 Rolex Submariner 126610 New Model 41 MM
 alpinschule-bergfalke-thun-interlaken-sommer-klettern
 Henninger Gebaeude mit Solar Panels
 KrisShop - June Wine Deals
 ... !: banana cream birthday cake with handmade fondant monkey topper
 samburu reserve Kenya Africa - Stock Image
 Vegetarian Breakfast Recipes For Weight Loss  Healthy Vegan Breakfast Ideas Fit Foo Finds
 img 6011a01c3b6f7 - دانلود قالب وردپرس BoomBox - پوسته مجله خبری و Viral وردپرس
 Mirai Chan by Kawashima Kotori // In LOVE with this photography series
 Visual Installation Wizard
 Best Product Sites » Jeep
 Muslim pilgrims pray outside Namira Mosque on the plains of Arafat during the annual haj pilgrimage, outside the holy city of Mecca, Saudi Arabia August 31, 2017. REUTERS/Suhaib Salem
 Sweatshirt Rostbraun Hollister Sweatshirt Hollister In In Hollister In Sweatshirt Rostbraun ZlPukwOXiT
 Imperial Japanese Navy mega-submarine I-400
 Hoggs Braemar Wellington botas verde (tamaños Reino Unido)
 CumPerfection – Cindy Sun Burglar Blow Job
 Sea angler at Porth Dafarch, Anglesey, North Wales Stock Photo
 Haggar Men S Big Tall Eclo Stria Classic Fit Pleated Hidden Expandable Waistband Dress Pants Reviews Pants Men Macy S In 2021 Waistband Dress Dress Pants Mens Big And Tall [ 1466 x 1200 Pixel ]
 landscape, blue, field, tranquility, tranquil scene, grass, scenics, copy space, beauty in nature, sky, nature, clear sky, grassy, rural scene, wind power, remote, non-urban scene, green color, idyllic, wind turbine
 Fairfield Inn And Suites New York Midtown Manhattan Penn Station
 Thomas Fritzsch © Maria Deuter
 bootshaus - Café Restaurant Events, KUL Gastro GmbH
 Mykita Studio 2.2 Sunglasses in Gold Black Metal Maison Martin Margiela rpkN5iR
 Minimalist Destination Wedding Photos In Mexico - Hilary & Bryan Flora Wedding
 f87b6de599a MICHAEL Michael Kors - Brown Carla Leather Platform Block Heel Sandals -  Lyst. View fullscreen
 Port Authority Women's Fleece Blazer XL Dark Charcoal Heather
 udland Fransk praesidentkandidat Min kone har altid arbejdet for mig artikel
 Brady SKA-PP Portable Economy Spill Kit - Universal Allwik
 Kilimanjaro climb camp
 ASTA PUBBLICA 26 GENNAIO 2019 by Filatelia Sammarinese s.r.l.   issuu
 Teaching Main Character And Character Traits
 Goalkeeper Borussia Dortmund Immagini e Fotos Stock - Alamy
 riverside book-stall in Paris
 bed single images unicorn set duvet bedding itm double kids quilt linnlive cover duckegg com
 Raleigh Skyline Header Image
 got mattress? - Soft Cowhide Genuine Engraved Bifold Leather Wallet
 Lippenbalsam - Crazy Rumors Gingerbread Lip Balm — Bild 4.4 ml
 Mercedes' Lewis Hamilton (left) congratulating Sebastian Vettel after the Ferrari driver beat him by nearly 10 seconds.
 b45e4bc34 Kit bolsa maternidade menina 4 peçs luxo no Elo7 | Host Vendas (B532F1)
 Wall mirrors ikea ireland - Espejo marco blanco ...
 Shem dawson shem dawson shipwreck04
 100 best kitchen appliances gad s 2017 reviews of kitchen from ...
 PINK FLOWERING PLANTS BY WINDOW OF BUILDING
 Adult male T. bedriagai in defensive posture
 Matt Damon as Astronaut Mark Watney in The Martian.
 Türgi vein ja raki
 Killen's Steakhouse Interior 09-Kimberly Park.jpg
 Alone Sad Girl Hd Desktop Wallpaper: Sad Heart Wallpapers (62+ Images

[What you will do]: Of all the entries above, output exactly the lines between the one holding "Port Authority Women's" and the one holding "Teaching Main Character And Character Traits", inclusive.

[Solution]:
 Port Authority Women's Fleece Blazer XL Dark Charcoal Heather
 udland Fransk praesidentkandidat Min kone har altid arbejdet for mig artikel
 Brady SKA-PP Portable Economy Spill Kit - Universal Allwik
 Kilimanjaro climb camp
 ASTA PUBBLICA 26 GENNAIO 2019 by Filatelia Sammarinese s.r.l.   issuu
 Teaching Main Character And Character Traits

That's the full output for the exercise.